[Records from a data collection]
_ _ _ _ _

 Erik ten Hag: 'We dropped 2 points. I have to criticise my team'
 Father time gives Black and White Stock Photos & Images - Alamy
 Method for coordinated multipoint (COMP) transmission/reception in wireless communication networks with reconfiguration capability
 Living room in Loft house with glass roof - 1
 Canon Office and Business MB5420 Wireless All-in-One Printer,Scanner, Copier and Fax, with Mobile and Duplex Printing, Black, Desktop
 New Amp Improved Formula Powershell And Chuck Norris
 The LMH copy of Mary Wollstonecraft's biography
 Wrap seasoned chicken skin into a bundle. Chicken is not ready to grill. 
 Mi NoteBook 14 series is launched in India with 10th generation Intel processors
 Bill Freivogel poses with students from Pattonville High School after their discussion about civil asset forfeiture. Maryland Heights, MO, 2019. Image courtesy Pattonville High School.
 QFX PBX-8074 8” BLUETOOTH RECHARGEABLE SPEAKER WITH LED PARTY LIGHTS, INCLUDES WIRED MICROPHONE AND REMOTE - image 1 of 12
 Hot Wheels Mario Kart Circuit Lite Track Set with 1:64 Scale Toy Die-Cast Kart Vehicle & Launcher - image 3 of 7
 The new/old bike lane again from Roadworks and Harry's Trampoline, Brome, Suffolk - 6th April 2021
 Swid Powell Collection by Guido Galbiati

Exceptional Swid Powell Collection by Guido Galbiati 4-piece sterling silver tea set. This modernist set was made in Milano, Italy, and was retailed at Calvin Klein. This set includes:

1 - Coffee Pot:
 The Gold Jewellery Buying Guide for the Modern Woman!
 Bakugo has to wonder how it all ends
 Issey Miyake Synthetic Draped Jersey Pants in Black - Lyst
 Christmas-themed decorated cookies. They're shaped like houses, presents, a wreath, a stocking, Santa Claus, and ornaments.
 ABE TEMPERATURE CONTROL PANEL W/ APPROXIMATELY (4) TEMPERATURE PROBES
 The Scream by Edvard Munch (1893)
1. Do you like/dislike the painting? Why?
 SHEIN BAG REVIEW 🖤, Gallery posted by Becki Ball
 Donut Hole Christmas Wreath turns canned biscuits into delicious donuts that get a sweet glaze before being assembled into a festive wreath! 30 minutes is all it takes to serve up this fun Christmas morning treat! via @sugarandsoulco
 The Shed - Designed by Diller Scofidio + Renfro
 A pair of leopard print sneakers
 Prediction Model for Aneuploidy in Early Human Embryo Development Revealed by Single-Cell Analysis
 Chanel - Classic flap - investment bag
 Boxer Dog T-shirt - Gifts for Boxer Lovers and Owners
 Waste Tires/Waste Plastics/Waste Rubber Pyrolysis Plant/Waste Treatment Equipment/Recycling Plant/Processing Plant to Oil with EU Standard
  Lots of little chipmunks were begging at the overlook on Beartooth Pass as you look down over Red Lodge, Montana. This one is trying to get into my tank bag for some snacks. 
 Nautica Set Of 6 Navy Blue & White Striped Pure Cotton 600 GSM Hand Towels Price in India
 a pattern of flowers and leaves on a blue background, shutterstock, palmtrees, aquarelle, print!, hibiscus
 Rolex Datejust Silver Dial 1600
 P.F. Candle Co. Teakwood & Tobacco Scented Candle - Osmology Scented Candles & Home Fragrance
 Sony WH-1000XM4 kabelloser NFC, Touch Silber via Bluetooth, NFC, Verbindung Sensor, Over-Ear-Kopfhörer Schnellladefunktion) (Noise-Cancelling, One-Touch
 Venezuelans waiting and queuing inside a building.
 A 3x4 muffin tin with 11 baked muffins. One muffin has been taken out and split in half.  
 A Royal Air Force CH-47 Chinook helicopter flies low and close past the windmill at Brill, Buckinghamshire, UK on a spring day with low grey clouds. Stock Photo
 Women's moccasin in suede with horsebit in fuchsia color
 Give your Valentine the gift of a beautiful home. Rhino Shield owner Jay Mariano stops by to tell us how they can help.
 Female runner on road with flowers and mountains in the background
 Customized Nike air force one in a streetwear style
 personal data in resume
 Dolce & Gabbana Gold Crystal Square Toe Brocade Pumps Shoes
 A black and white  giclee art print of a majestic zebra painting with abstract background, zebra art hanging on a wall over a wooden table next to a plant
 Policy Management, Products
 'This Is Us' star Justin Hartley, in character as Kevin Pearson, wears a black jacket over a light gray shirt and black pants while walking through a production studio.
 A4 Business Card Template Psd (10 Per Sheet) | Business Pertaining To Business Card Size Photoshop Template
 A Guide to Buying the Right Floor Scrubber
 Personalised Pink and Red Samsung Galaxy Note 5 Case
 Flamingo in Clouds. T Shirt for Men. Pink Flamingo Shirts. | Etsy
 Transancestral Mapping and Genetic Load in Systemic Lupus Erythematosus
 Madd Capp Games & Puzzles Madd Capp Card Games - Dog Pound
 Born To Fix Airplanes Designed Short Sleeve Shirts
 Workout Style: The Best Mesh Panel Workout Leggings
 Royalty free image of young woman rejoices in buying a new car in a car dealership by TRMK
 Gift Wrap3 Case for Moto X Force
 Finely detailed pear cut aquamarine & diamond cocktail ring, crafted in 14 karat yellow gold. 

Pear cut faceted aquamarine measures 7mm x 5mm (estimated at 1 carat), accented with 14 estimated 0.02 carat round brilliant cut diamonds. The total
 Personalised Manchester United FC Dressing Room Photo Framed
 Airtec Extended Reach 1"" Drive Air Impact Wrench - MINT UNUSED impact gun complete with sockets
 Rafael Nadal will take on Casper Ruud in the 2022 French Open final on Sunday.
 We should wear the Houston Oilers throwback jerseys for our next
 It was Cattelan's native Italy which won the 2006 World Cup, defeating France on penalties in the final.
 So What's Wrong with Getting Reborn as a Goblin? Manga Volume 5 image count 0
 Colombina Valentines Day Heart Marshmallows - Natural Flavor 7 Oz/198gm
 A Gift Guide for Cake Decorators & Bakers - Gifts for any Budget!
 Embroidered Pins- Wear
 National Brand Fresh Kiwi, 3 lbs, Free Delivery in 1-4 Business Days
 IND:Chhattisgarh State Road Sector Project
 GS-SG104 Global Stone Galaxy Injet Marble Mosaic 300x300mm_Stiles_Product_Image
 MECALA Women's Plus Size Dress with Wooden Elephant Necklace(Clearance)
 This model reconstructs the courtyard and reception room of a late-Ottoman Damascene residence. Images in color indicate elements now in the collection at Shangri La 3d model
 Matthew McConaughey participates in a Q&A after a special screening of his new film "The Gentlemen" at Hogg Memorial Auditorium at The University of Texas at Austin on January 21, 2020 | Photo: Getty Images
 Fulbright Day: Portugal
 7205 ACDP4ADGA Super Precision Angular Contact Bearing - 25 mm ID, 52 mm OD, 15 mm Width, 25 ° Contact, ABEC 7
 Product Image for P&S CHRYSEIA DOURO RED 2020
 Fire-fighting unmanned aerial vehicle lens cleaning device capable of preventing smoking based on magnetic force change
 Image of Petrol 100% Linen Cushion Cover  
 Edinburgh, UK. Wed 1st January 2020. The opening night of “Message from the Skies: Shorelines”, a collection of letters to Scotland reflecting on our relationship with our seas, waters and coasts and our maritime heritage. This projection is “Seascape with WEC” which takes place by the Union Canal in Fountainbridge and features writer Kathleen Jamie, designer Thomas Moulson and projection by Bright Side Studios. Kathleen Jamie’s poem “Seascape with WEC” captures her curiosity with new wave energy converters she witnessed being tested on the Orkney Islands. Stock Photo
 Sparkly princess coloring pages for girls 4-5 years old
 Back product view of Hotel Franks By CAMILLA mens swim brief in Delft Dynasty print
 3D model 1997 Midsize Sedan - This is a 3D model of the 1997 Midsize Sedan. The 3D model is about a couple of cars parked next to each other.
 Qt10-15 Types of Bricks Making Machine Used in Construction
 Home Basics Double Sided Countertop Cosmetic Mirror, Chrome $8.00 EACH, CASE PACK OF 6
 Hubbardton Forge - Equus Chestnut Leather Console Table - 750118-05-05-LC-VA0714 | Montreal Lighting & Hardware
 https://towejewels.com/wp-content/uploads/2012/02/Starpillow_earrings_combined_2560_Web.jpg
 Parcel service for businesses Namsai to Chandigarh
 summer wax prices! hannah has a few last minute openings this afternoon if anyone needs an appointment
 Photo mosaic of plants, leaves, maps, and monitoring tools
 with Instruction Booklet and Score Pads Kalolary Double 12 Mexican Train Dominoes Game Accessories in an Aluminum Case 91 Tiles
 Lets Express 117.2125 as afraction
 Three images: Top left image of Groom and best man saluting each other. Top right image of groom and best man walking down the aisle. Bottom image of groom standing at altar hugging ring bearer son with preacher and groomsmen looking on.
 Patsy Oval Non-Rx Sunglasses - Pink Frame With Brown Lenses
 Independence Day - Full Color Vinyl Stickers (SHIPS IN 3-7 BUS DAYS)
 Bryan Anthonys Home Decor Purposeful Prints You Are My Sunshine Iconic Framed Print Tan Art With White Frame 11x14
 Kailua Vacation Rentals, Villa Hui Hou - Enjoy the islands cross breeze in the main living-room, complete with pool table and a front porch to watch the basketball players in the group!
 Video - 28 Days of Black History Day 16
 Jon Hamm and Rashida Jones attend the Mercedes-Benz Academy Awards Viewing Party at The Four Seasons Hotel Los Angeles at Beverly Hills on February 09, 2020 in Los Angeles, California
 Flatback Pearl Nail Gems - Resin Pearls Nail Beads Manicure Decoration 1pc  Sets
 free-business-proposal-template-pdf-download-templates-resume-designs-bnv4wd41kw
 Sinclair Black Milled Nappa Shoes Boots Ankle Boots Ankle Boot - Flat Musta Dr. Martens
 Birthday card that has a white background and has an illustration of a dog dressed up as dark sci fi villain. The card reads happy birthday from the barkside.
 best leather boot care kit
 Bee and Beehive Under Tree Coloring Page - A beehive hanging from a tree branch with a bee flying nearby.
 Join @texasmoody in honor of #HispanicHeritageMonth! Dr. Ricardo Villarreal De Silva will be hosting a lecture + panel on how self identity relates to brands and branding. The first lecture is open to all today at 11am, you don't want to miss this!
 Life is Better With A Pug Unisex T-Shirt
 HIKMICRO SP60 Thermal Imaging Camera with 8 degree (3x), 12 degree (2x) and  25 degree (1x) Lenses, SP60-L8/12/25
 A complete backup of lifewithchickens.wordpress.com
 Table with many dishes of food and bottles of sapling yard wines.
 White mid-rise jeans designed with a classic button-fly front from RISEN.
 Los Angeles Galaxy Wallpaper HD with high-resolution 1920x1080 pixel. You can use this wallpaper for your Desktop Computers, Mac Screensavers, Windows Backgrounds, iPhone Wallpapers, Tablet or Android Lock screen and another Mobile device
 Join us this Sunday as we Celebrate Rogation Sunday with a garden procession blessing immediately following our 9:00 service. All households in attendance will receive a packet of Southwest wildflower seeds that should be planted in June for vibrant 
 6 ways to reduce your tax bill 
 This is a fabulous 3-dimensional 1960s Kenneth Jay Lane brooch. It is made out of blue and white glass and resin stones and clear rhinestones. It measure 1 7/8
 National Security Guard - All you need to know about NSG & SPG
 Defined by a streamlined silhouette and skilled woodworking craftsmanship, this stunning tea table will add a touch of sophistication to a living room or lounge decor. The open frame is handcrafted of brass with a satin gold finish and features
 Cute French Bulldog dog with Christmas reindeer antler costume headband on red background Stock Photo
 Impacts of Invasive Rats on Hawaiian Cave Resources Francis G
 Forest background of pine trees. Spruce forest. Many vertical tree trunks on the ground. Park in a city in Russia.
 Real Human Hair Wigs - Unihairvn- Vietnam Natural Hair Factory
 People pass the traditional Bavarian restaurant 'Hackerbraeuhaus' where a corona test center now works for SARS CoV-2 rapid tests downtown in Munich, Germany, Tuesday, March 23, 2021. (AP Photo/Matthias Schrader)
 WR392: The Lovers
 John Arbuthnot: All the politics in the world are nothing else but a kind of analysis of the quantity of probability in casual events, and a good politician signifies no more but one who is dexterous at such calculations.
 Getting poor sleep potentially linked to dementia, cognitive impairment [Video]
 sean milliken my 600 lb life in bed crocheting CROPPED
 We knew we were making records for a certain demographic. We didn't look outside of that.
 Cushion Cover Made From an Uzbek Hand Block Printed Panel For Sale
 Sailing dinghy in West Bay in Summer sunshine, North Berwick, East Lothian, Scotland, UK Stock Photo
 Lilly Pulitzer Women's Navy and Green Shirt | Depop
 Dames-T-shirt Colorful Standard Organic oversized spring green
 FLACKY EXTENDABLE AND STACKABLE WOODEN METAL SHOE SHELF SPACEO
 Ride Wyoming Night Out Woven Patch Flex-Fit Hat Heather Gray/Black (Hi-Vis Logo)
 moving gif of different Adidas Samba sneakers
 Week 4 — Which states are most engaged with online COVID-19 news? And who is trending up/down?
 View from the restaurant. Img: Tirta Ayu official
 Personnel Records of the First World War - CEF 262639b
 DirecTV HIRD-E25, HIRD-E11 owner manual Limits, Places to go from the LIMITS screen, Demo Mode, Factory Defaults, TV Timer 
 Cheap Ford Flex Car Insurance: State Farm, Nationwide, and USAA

_ _ _ _ _

The expected answer is an exact copy of the lines beginning at the one with "Week 4 — Which states" and running to the end of the entries above.

Result below
 Week 4 — Which states are most engaged with online COVID-19 news? And who is trending up/down?
 View from the restaurant. Img: Tirta Ayu official
 Personnel Records of the First World War - CEF 262639b
 DirecTV HIRD-E25, HIRD-E11 owner manual Limits, Places to go from the LIMITS screen, Demo Mode, Factory Defaults, TV Timer 
 Cheap Ford Flex Car Insurance: State Farm, Nationwide, and USAA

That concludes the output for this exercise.